Money Crashers notes, "Make sure your résumé does not have any grammatical or spelling errors before you send it to prospective employers. Use spell check, but also enlist a few friends or family members to review your résumé. Receiving a promising résumé riddled with errors frustrates hiring managers and recruiters. The résumé appears sloppy and hastily prepared." Not something that will give you any sort of edge when it comes to beating out your competition or negotiating your potential salary. Attention to detail is seriously valuable to any business.
As far as formatting goes, keep your résumé as concise as possible. Rid it of very old jobs that were short-lived and don't benefit your overall chances of getting this new job. U.S. News & World Report suggests shortening the résumé, "If your résumé is multiple pages, you might be diluting the impact of its contents. With a shorter résumé, you'll ensure that in an initial quick scan, the hiring manager's eyes fall on the most important things. Plus, long résumés can make you come across as someone who can't edit and doesn't know what information is essential and what's less important. As a general rule, your résumé shouldn't be longer than two pages, maximum."

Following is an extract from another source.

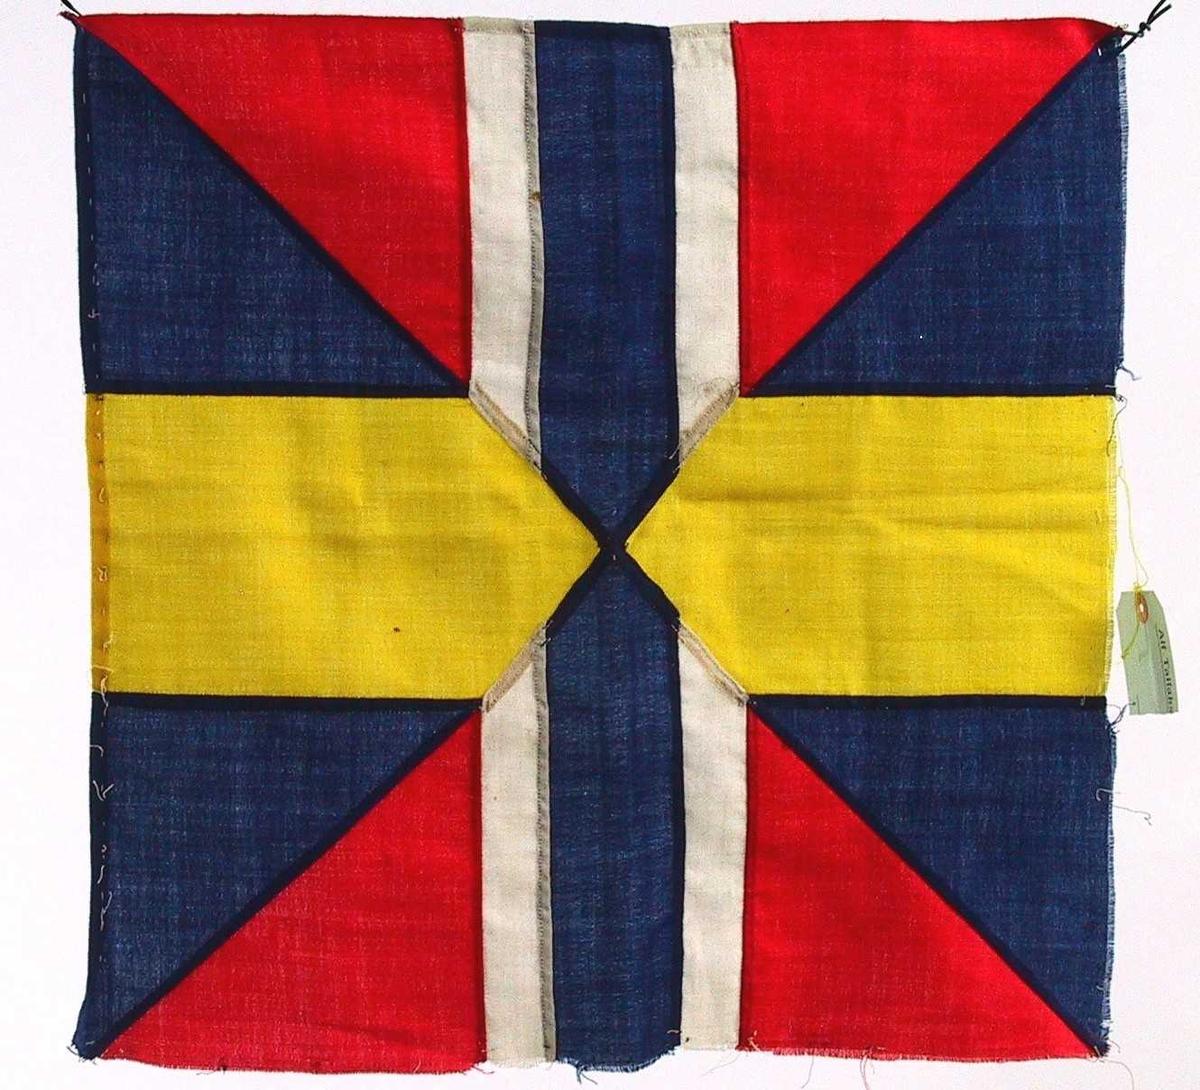 Kvadratisk fragment av norsk (eller svensk) flagg fra unionstiden. Unionsmerke eller sildesalat.  Tydelig avsprettet fra et stort flagg.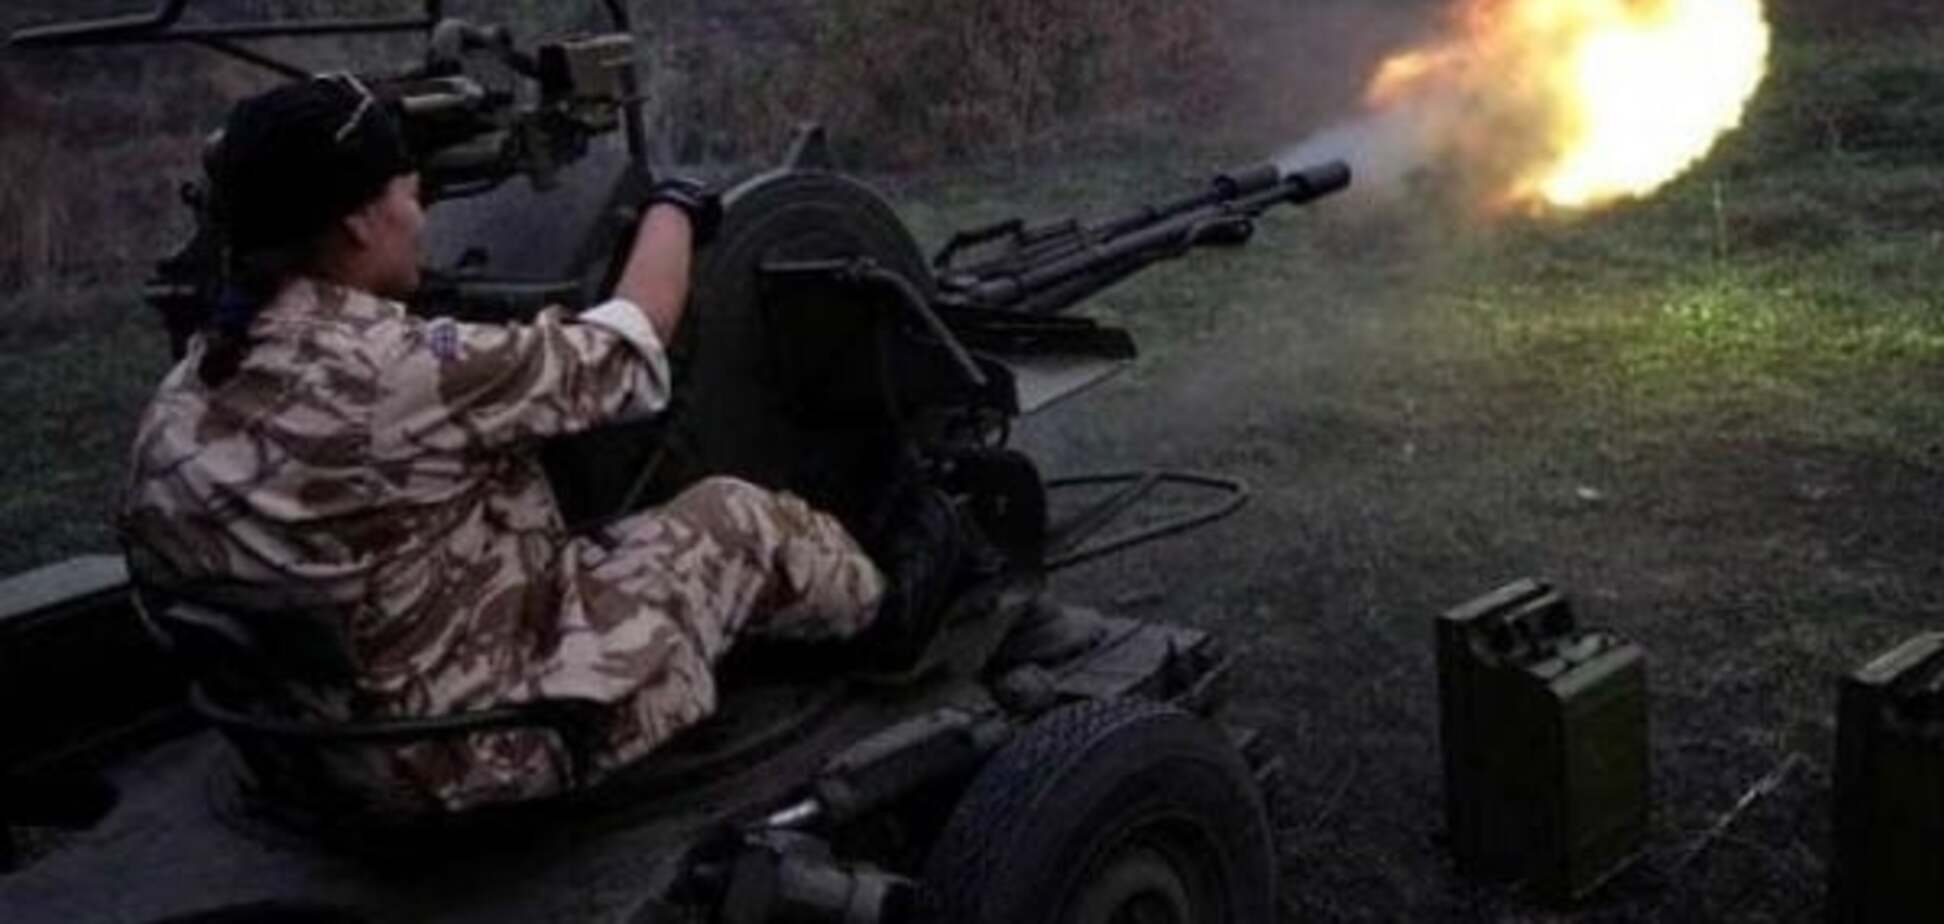 Раненые и погибший: разведка сообщила о потерях террористов на Донбассе

That said, Money Crashers advises, "Don't sacrifice quality for brevity." If you have a world of noteworthy experience, share it. Just keep things as brief as you can while still getting the major details across. Be sure to keep your résumé updated and relevant as well as tailored to the job you want. Employers will know if you've sent the same exact résumé out dozens of times to different HR departments with no specific tweaks to show you've fine-tuned yours for their unique position. This minor, yet important attention to detail can give you the extra oomph when it comes to money talks.
Quantify Your Work
Along with showcasing your previous experience and education, if possible and applicable, highlight how you helped your prior employers make money for the company and the impact your hard work made. This will immediately show the hiring manager that you've got the goods as well as the know-how to make a positive change for their company. Knowing that you have the capability to make money will be an incentive for the employer to give you a higher salary, thanks to the returns they can expect from having you on their team.
ASME, The American Society of Mechanical Engineers recommends to, "Include and highlight specific achievements that present a comprehensive picture of your marketability. Quantify your achievements to ensure greater confidence in the hiring manager and thereby generate interest percentages, dollars, number of employees, etc. Work backwards to quantify your accomplishments by asking, 'If I had not done X, what could have happened?'"
Hernandez agrees, "Share a challenge/situation/problem, the action you took to address it, and the result. Write the result by sharing how it positively impacted your employer or client. These statements make an impact, tell a story, and give the reader context. When writing your career history it's best to lead with the result/impact to the client or employer because this is usually quantifiable."
Along with quantifying your work, include other aspects of your life that can show the hiring manager that you have the skills and history to help take their company to a new level. Perhaps you've served as President of a debate team or lead a Scouts' troop to aid in making the community better.
It's also wise to include other skills that give you more of an advantage vs. others up for the job such as special tech or coding knowledge, an accounting or artistic background, or public relations experience. Your unique and marketable qualities will make an employer open to paying a higher salary for a person with versatility.